Farm Fresh Salsa

Source:  Farm Fresh Ingredients about 1999

farm fresh salsa
farm fresh salsa

This recipe for ‘Farm Fresh Salsa” is a show stopper, really. As a Californian, I love salsa, and have been a salsa consumer for a few decades. I’m a particular consumer though, as the versions I always bought were along the fresh-made variety which sat in the refrigerated section of the grocery isles. I would never think of buying or eating salsa from a jar. Those finished products don’t even taste like salsa. You can only imagine what it takes to preserve those for the months they stand around on the shelves. Additionally, they tend to be packed with too many unnecessary items which I don’t need.

It wasn’t until my days living on the farm, that I even thought making my own salsa would be possible. But, as you can imagine, summer delivered an abundance of tomatoes, coupled with several options of hot peppers and the must have ingredient (other than the tomato) was the cilantro. Which brings my next lead…I’m a huge cilantro lover. I find the taste of cilantro to be tantalizing, with a definite addictive quality. You can guess that my salsa is extremely heavy on the cilantro, I usually opt for 1-2 bunches (stems and all).

Salsa’s good for you?

When it’s high season, and summer is pushing out bundles of tomatoes, cilantro, and peppers, then it’s time to get busy blending up your own version of salsa. With this recipe, I promise, you’ll never buy another container of salsa. Imagine the taste and health benefits of fresh blended salsa. It’s almost sinful, until you realize your embracing all the vitamin antioxidants, natural phytochemicals such as lycopene and an abundance of potassium when you consume fresh, organic salsa.
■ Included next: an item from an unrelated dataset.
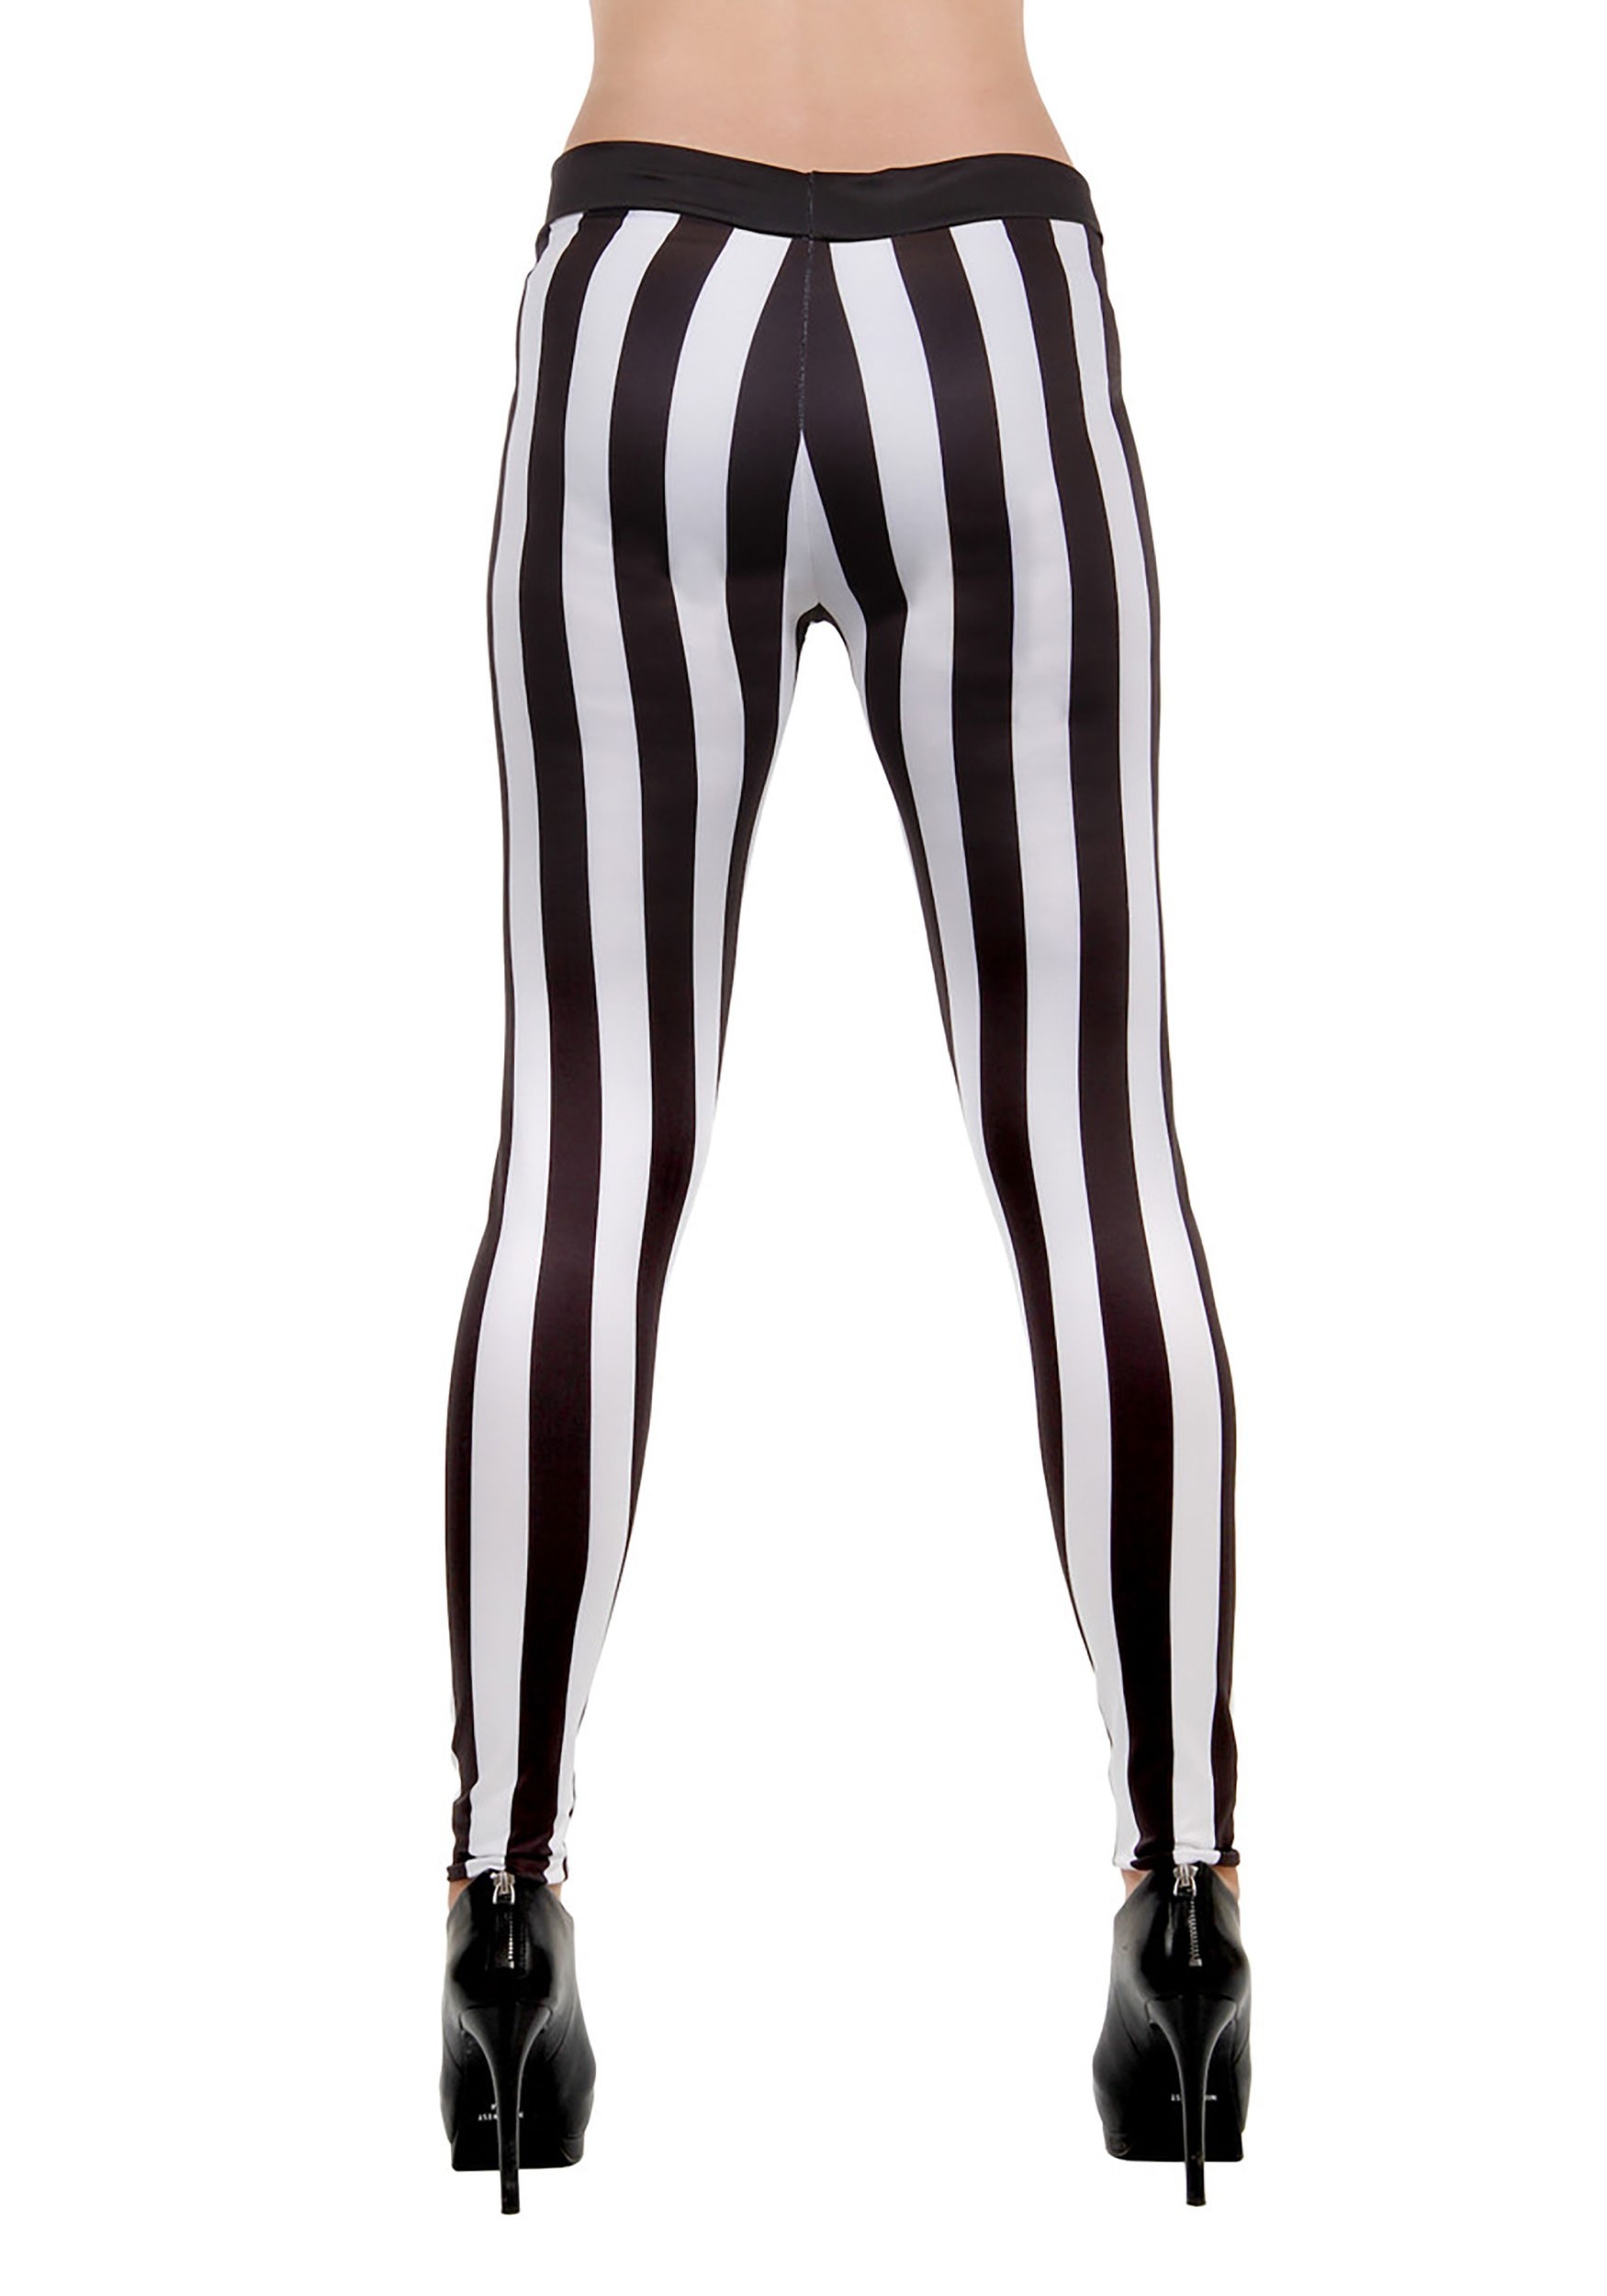 https://images.halloweencostumes.ca/products/69235/2-1-159341/striped-leggings-one-size-alt-1.jpg

Be the master of your destiny

Show the world what you’ve got, and make your own batch of fresh salsa. If you have a food processor, or a nice blender, you can determine your desired texture when blending. For example, if you like a more chunky salsa, then just “pulse” until you like what you see. If you like the more ‘blended’ version, a quick ‘on-off’ run will blend up quickly. It’s helpful to square your ingredients before you toss them into the blender. Cut the onion in 4’s, the tomatoes in 4’s, and just toss in the cilantro (stems and all) whole, it will get diced up nicely. Lastly, be the one who decides if it’s too hot or not. Add some nice spicy peppers to the mix. Serve with nice quality tortilla chips and a nice margarita!

Farm Fresh Salsa

I hope you enjoy this as much as we do!
Course Appetizer
Cuisine Mexican
Keyword Dip, Sauce, Vegetables
Prep Time 15 minutes
Cook Time 0 minutes
Total Time 15 minutes
Servings 3 people


  • 3-4 medium tomatoes ‘Early Girl’ varieties
  • 1 bunch cilantro
  • 1 large onion
  • 2 small red chili peppers or jalapenos
  • 2 cloves garlic
  • salt and pepper to taste


  • Wash and combine all ingredients in blender or Cuisinart mixer. Pulse to your desired consistency.